Wow that script is so much simpler. But one thing that does not stand out to me is how those it know how to parallelize the files?

Spark looks at that path, lists the objects under it, and says:

I found 1,000 NDJSON files. These files can be split into input partitions. Each partition can become a task. Tasks can run at the same time on executors.

Spark contains code that understands storage systems and file formats.

That is the part that I was always missing, I was like how in the hell does it know that.

There is a whole methodology of how you can look at pyspark code, but I will write that in another article.

Alright lets kick off the Spark job.

docker cp spark_revenue_by_state.py spark-master:/tmp/spark_revenue_by_state.py

docker exec -it spark-master sh -lc '
mkdir -p /tmp/ivy /tmp/ivy-cache &&
export IVY_HOME=/tmp/ivy &&
/opt/spark/bin/spark-submit \
  --master spark://spark-master:7077 \
  --deploy-mode client \
  --conf spark.jars.ivy=/tmp/ivy-cache \
  --packages org.apache.hadoop:hadoop-aws:3.4.2 \
  /tmp/spark_revenue_by_state.py
'

As soon as you submit this job you can see it in the ui that it is processing data.

26/06/12 23:51:39 INFO DAGScheduler: ResultStage 9 (collect at /tmp/spark_revenue_by_state.py:31) finished in 40 ms
26/06/12 23:51:39 INFO DAGScheduler: Job 5 is finished.

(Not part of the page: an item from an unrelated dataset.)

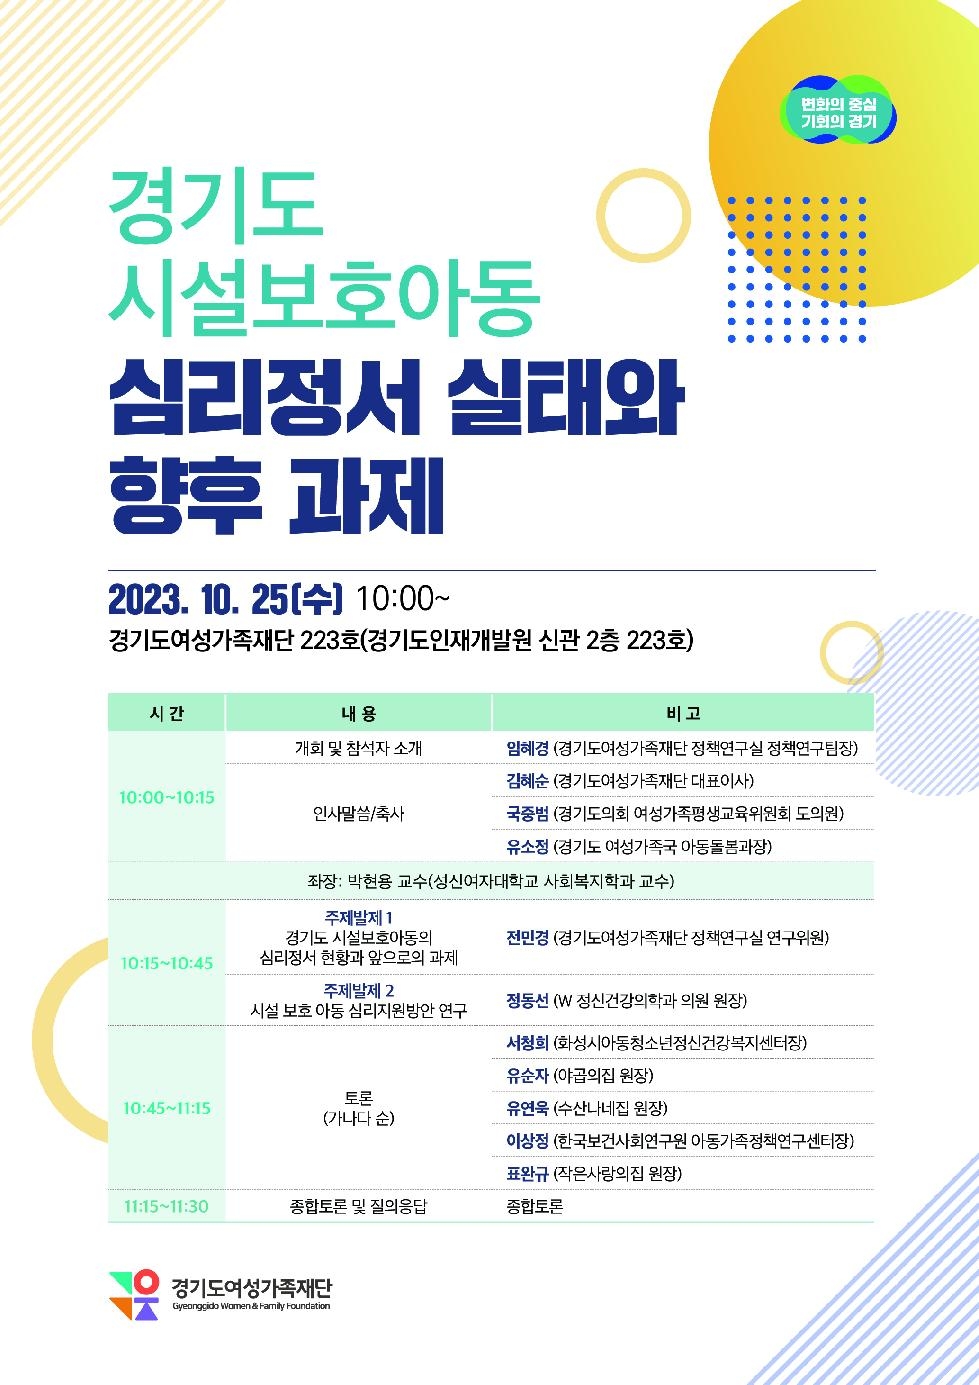 경기도, 도 여성가족재단  25일 시설보호아동 정책포럼 개최

Cancelling potential speculative or zombie tasks for this job
26/06/12 23:51:39 INFO TaskSchedulerImpl: Canceling stage 9
26/06/12 23:51:39 INFO TaskSchedulerImpl: Killing all running tasks in stage 9: Stage finished
26/06/12 23:51:39 INFO DAGScheduler: Job 5 finished: collect at /tmp/spark_revenue_by_state.py:31, took 41.749375 ms
Revenue by state:
CA: $2,527,275,938.51
FL: $2,525,708,955.14
IL: $2,525,265,743.70
MD: $2,525,816,581.76
NC: $2,523,087,439.59
NY: $2,526,208,987.55
PA: $2,524,619,003.08
TX: $2,524,173,634.13
VA: $2,524,810,057.78
WA: $2,523,041,272.07

Transaction count by state:
CA: 10,005,069
FL: 10,004,135
IL: 10,000,918
MD: 10,002,238
NC: 9,994,621
NY: 10,003,472
PA: 9,999,562
TX: 9,995,115
VA: 10,001,618
WA: 9,993,252

Processed 100,000,000 records in 76.5s

What is that, like 1.1 mins vs 4.5 mins.

Processing the dataset with Spark reduced execution time from 4.5 minutes to 1.1 minutes—a 4× speedup and nearly a 76% reduction in runtime.

Imagine if I wanted to do it quicker? Just add more workers.

This is the first blog I have written in a few weeks. But damn does it feel good. Just for today I did not let my fear win and dove head first back into the world of data engineering.